James died in March, 1625, and a few days thereafter his son Charles was proclaimed at the Edinburgh Cross, King of Scotland; but it was eight years later before he visited the land of his fathers, and was crowned as its King in Holyrood. The then finest poet in Scotland was William Drummond of Hawthornden, and to him was confided the address of welcome to Charles. The address was not in verse, but only in prose—run mad! “If nature,” it began, “could suffer rocks to move and abandon their natural places, this town—founded on the strength of rocks—had, with her castle, temples, and houses, moved towards you, and besought you to acknowledge her yours; her indwellers, your most humble and affectionate subjects; and to believe how many souls are within her circuits, so many lives are devoted to your sacred person and crown;” and so on. When the subjects’ flattery was so obsequious, we can hardly wonder at the amount of royal arrogance and assumption.
The people were a good deal disturbed about the ceremonial of Charles’s coronation; an altar was introduced, and some of the rites seemed to savour of popery. He had Laud and some other English bishops in his retinue, and the King soon gave evidence of his intention to carry out the later attempts of his father, to introduce prelacy, with its subordination to the crown, into Scotland. Now the old bishoprics of the Catholic Church had never been formally abolished, but the titles had been held by laymen of mean rank,—whilst the bulk of the emoluments had gone to certain of the nobles. The nominal bishops were nicknamed Tulchans; a tulchan being a calf-skin stuffed with straw, which was set up alongside of the mother-cow, to induce her to yield her milk more freely. The bishop had the title, but my lord had the milk. There was thus a framework of episcopacy in Scotland, and James had in the last year of his reign, ordered its re-establishment in full authority; archbishops and bishops to have under himself the headship of the Scottish Church.
Charles now confirmed the division of Scotland into dioceses, that of Edinburgh to include all the country south of the Forth; St. Giles to be the Cathedral church,—a wall which had been built to partition off the church into two separate places of worship, to be removed. Four years later, in 1637, the Kings projects had so far advanced, that a liturgy, moulded on that of the English church—but where it differed, with a stronger flavour of Rome—was ordered to be used in St. Giles’s. On the first Sunday of the innovation, the church was crowded; two archbishops, several bishops, lords of the privy council, the judges and city magistrates, being in the congregation. When the dean, in his surplice, began the service, an old woman—Jenny Geddes,—started up and exclaimed,—“You false loon, will you rout your black mass in my lugg?” and threw her stool at the dean’s head. This was a signal for a general uproar, in the midst of which the dean had his surplice torn off by excited women. Stones and other missiles were thrown at the bishops: the magistrates called in the Town Guard to drive the malcontents out of the church; but these by breaking the windows, battering at the doors, and wild clamour, drowned the dean’s voice, as he again ventured on his ungracious task. In the Greyfriars’ church the new liturgy was stopped by popular clamour.

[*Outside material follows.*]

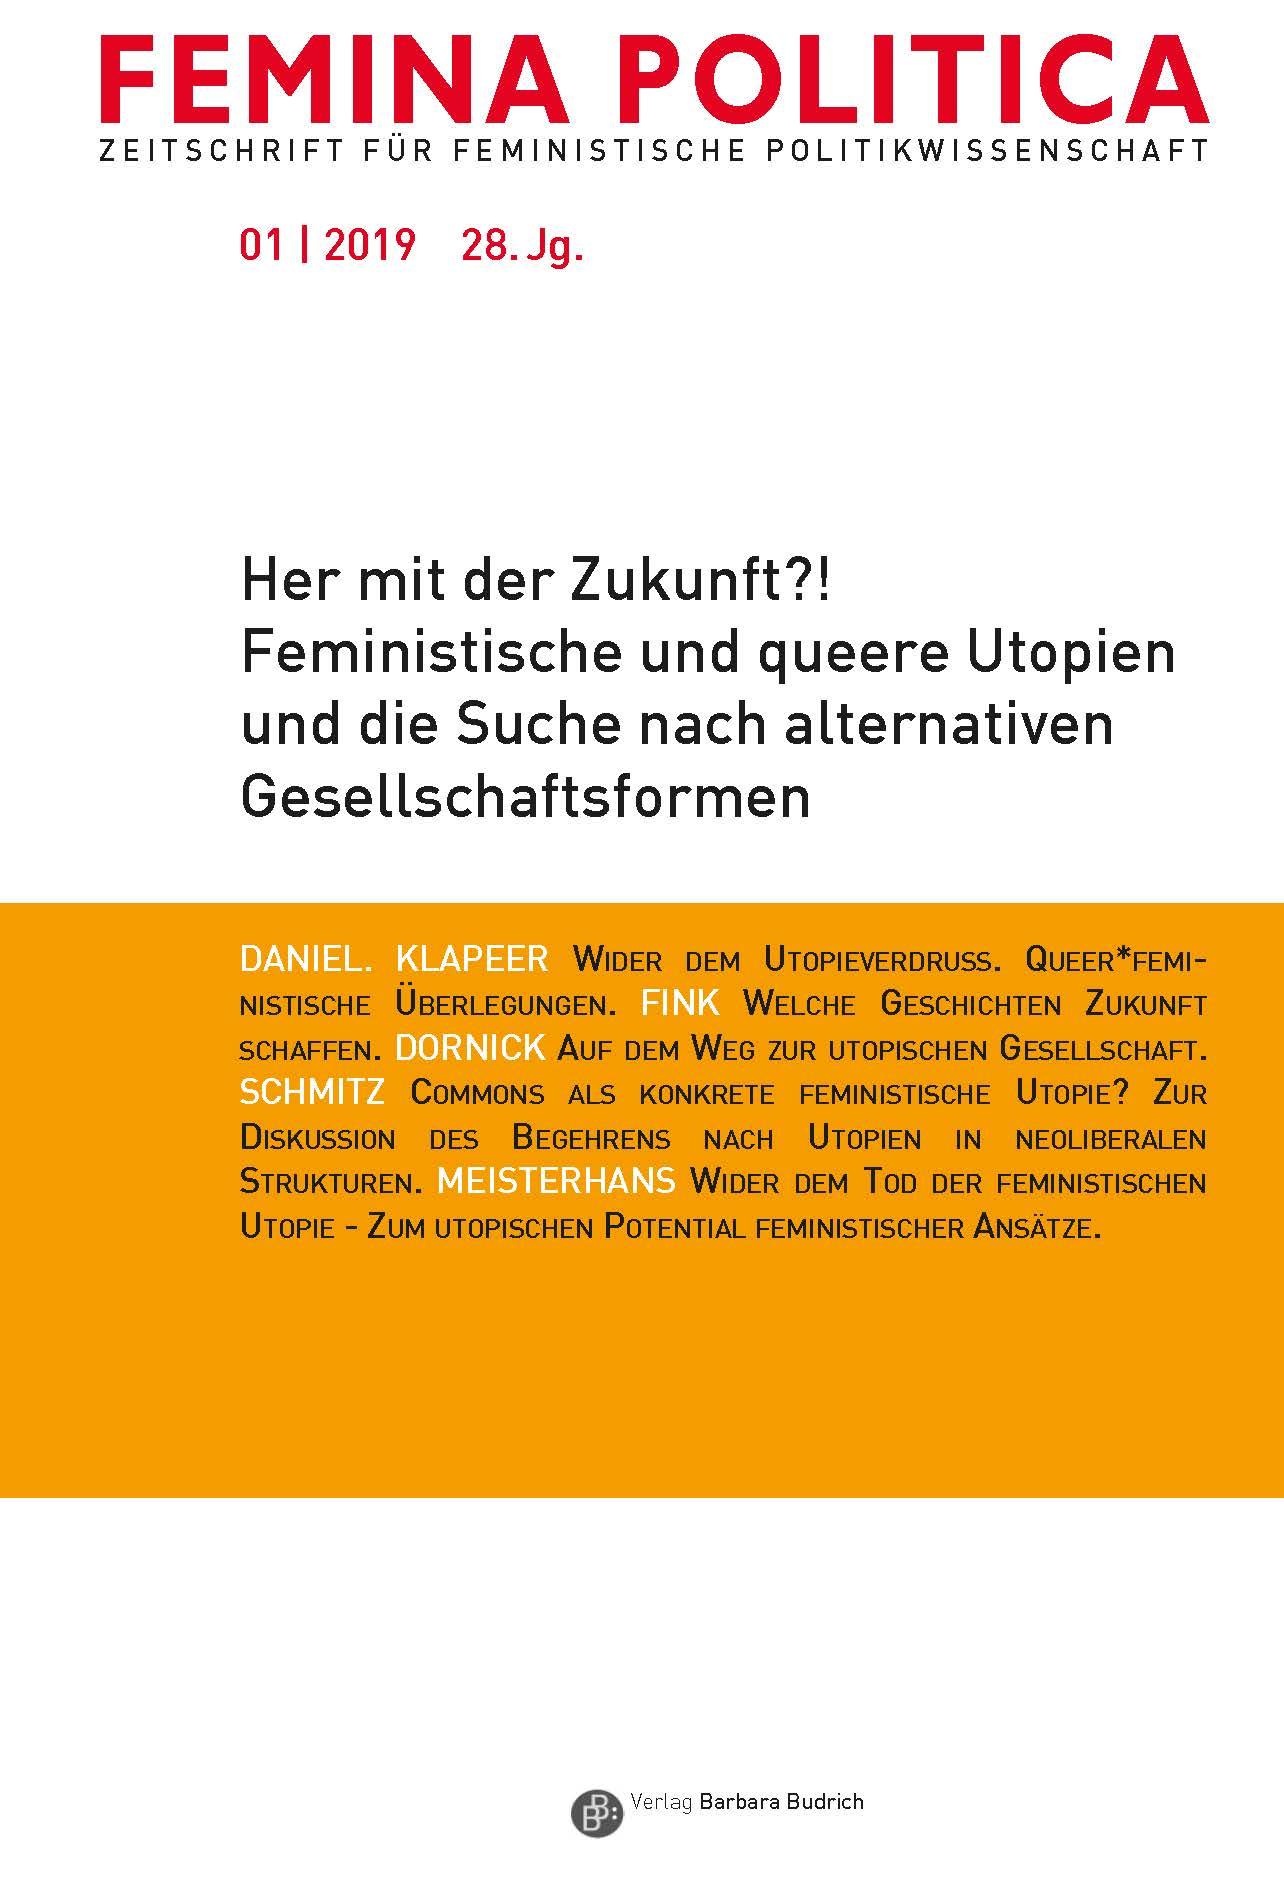 Probeheft - Femina Politica - Zeitschrift für feministische Politikwissenschaft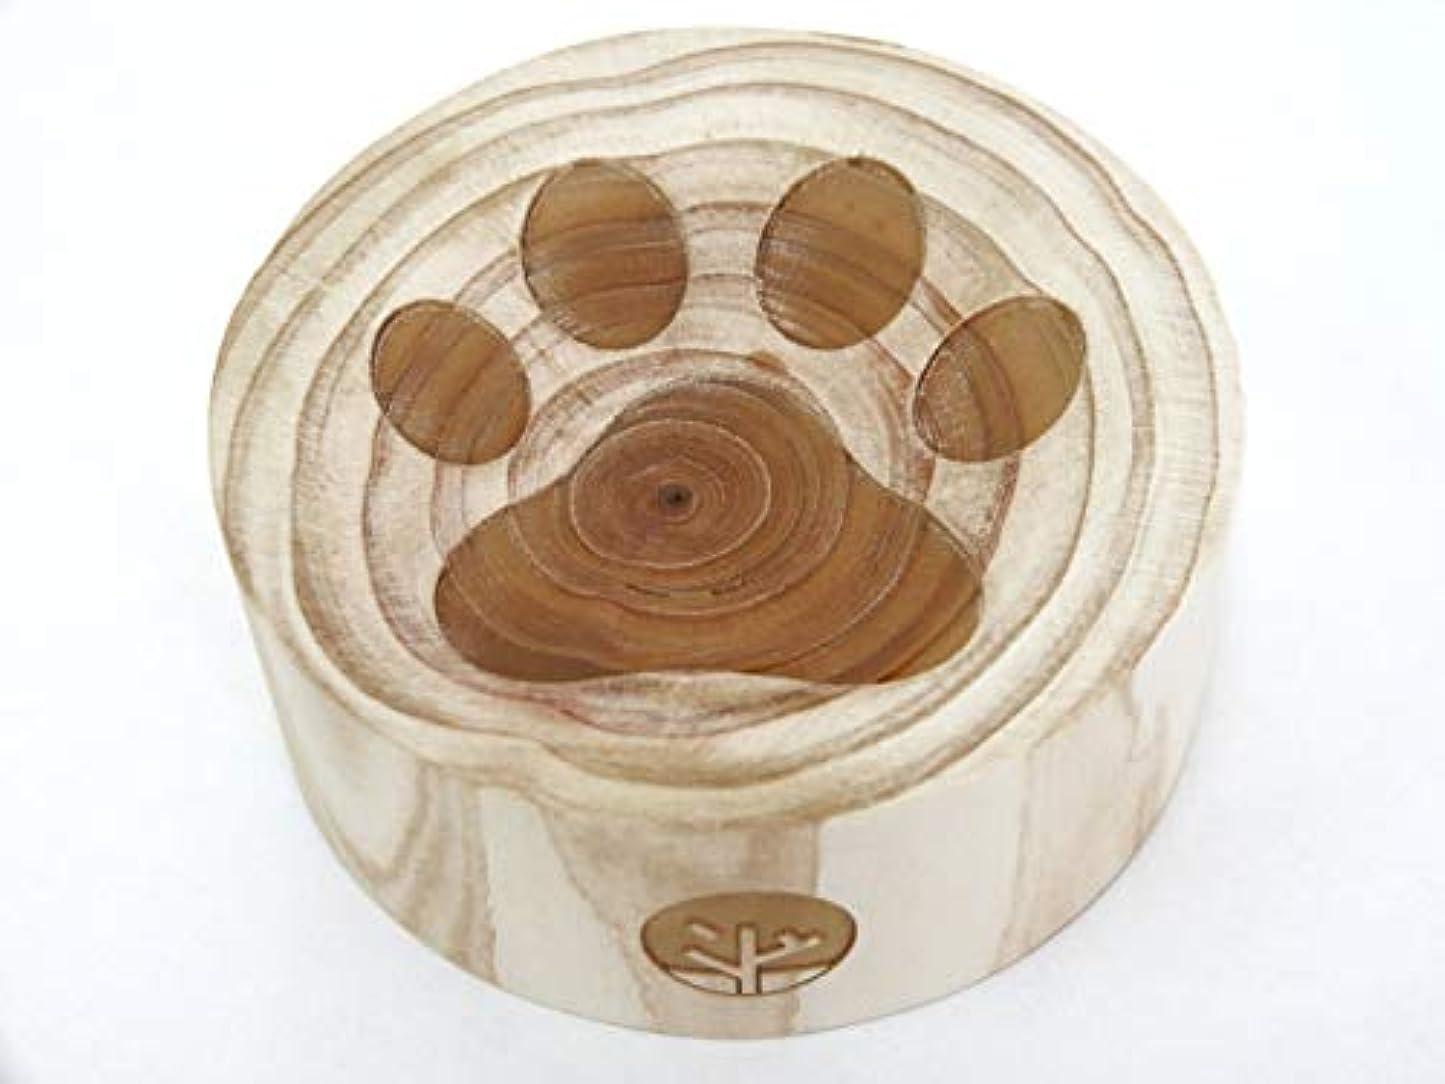 ホイッスル植物学者選出する一郎木創 木製 アロマディッシュ 心持木受香器 肉球 猫 桧 TL-97-5

With the obstinancy of his race, Charles persisted in his designs. He issued proclamations denouncing as rebellion all obstruction to his remodelled church, and transferred the seat of government and the courts of law to Linlithgow. These proclamations were replied to by strong protests from nearly every Corporation in the Kingdom, and the Solemn League and Covenant, which had in the previous reign been instituted against popery, was enthusiastically renewed, and subscribed by men and women in all grades of society.
JENNY GEDDES’ STOOL
JENNY GEDDES’ STOOL.
(From the Scottish Antiquarian Museum.)
Charles sent down the Marquis of Hamilton as his High Commissioner, empowered to treat with the Covenanters. Hamilton took with him to Edinburgh a retinue of nobility and gentry, who were supposed to be friendly to the royal cause. He was met by a great concourse of people, amongst whom were six thousand ministers in their black Geneva gowns. He opened his commission, but the presbyterian leaders would hear of no terms being made, as they said, with Antichrist. So Hamilton went back to London, and reported his non-success to his master. Again he came to Edinburgh, this time with some concessions, the king offering to subscribe to the original form of the Covenant, which contained no mention of prelacy.
Under the Kings sanction, a General Assembly met in Glasgow, in November 1638. The royal commissioner protested against certain proceedings, and he formally dissolved and retired from the Assembly: but under its moderator it continued its sittings, condemning the king’s liturgy and the imposition of an episcopacy. The reply of Charles was the pouring of two armies into Scotland, one being under his own command. The Covenanters, with whose cause Parliament had identified itself, were not slack in taking up the challenge. They appointed General Leslie, a veteran from the wars of Gustavus Adolphus, to the command of a hastily raised army. He seized on all the fortified places; and he fortified Leith, to defend Edinburgh from the king’s fleet. In view of these warlike preparations, Charles temporized, and a vague kind of treaty was negotiated. Another General Assembly met next year in Edinburgh; and here the Royal Commissioner gave formal sanction to the decisions of the Glasgow Assembly. This sanction was received with an outburst of enthusiastic gratitude; and loyalty—never far from a Scotchman’s heart—was again in the ascendant. But it was a delusion and a snare. The king repudiated the concessions of his own commissioner, prorogued the Parliament which met to sanction the proceedings of the assembly, and prepared for a fresh invasion of Scotland. The Scots anticipated his purpose by sending their army into England—where many were friendly to their cause. There was a battle at Newburn, on the Tyne, in which the royal troops were defeated. The Scots occupied Newcastle—and negotiations were again opened for peace.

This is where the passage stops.